▶ **Exercise details**:
Transcribe the whole listing below. Pictures do not go in the copy.

▶ **Input data**:
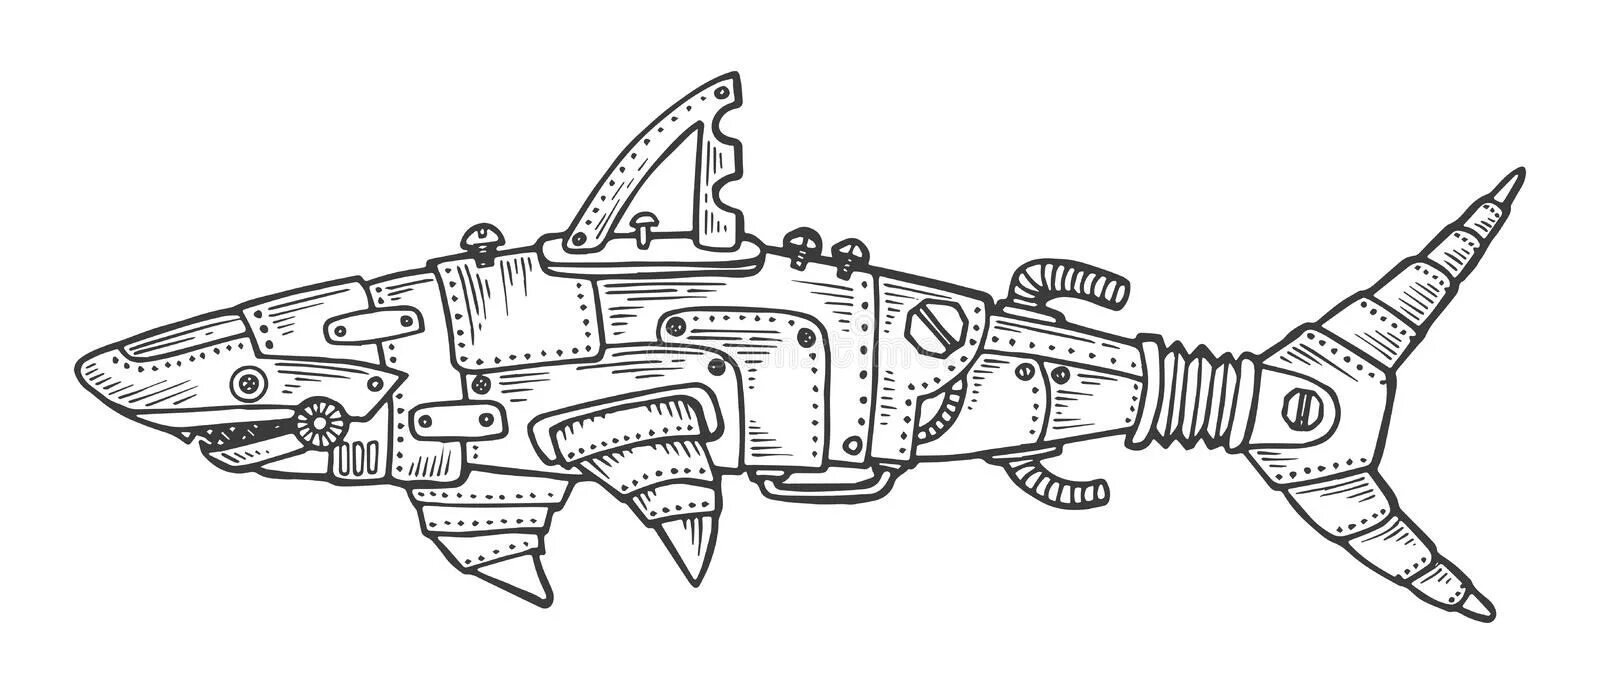 Акула робот #2
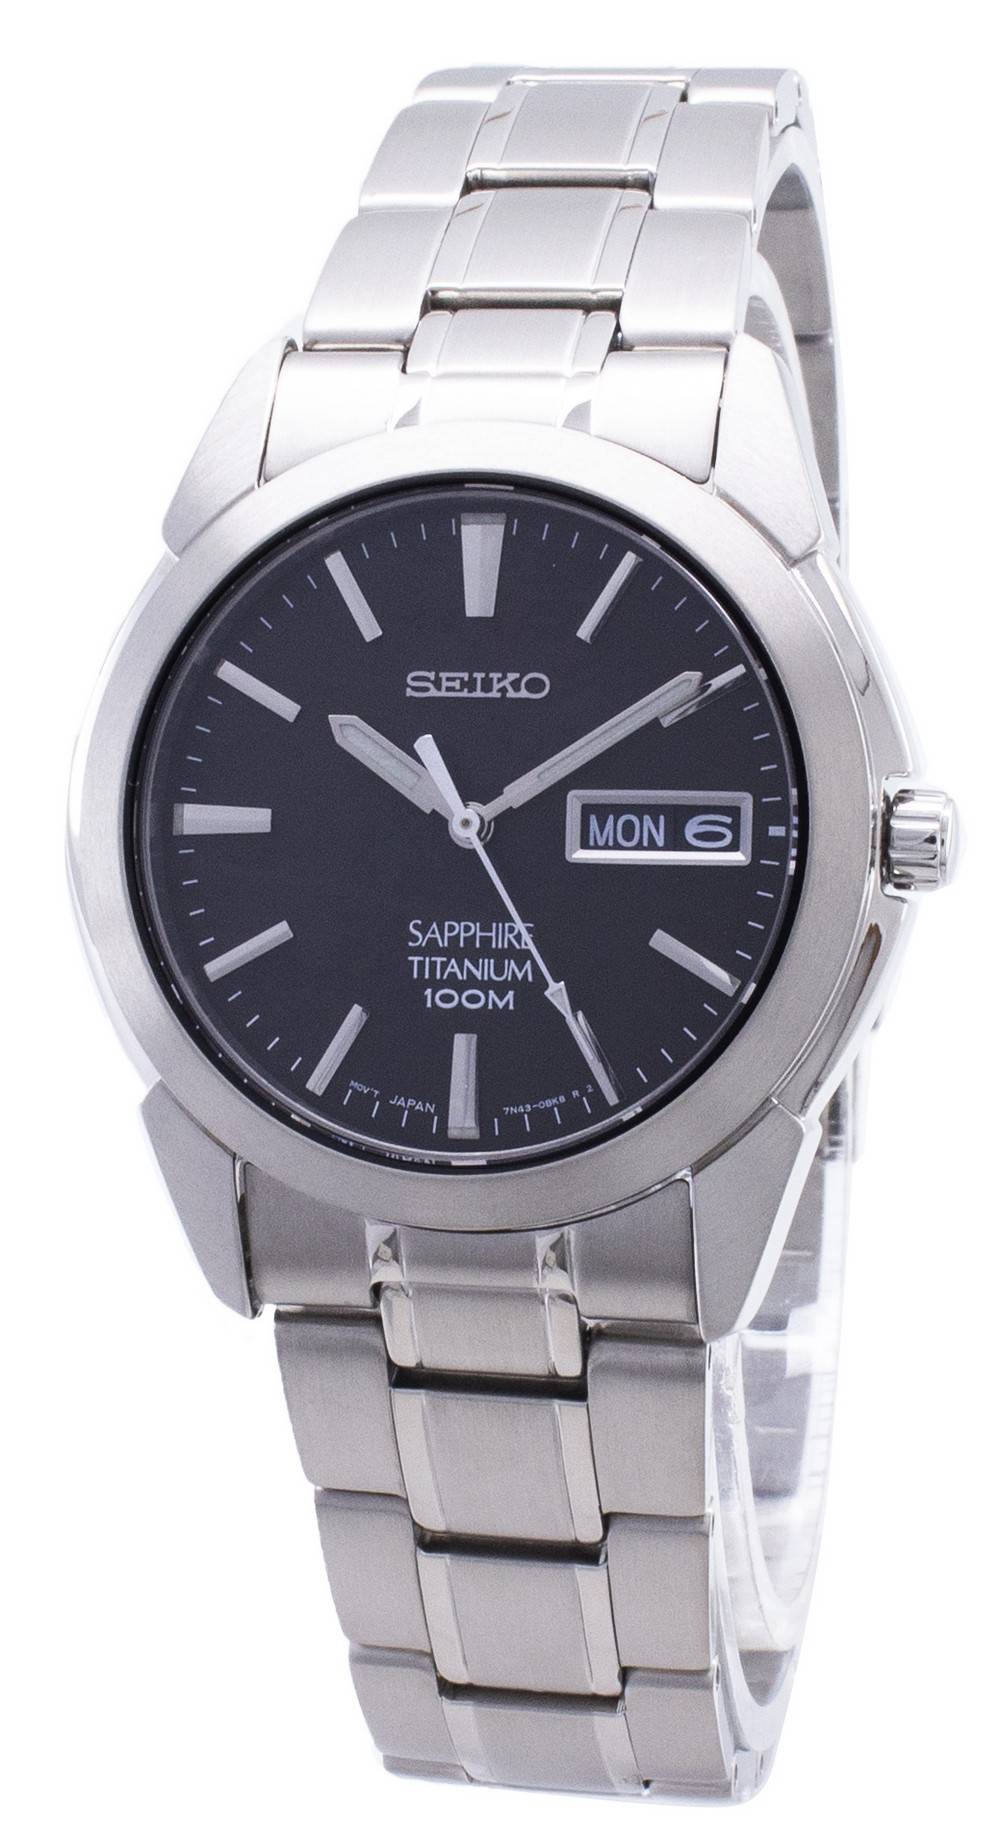 Seiko Titanium Sapphire SGG731 SGG731P1 SGG731P Men's Watch
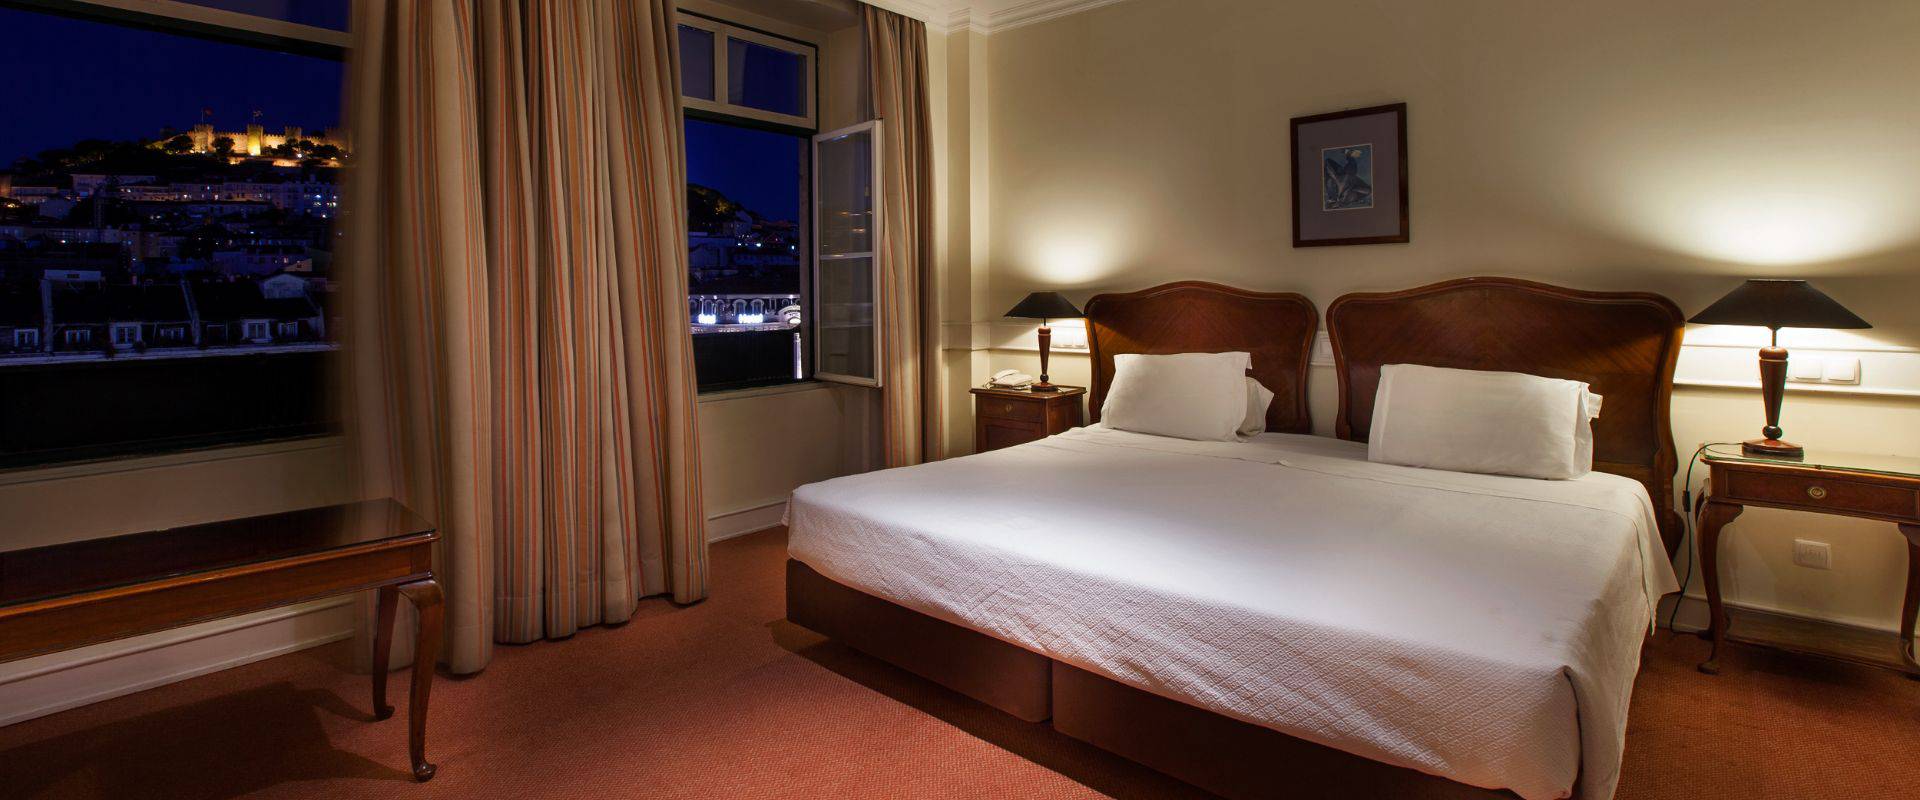 Quarto rossio com cama extra  Métropole Hotel Lisboa

▶ **Reply**:
 Акула робот #2
 Seiko Titanium Sapphire SGG731 SGG731P1 SGG731P Men's Watch
 Quarto rossio com cama extra  Métropole Hotel Lisboa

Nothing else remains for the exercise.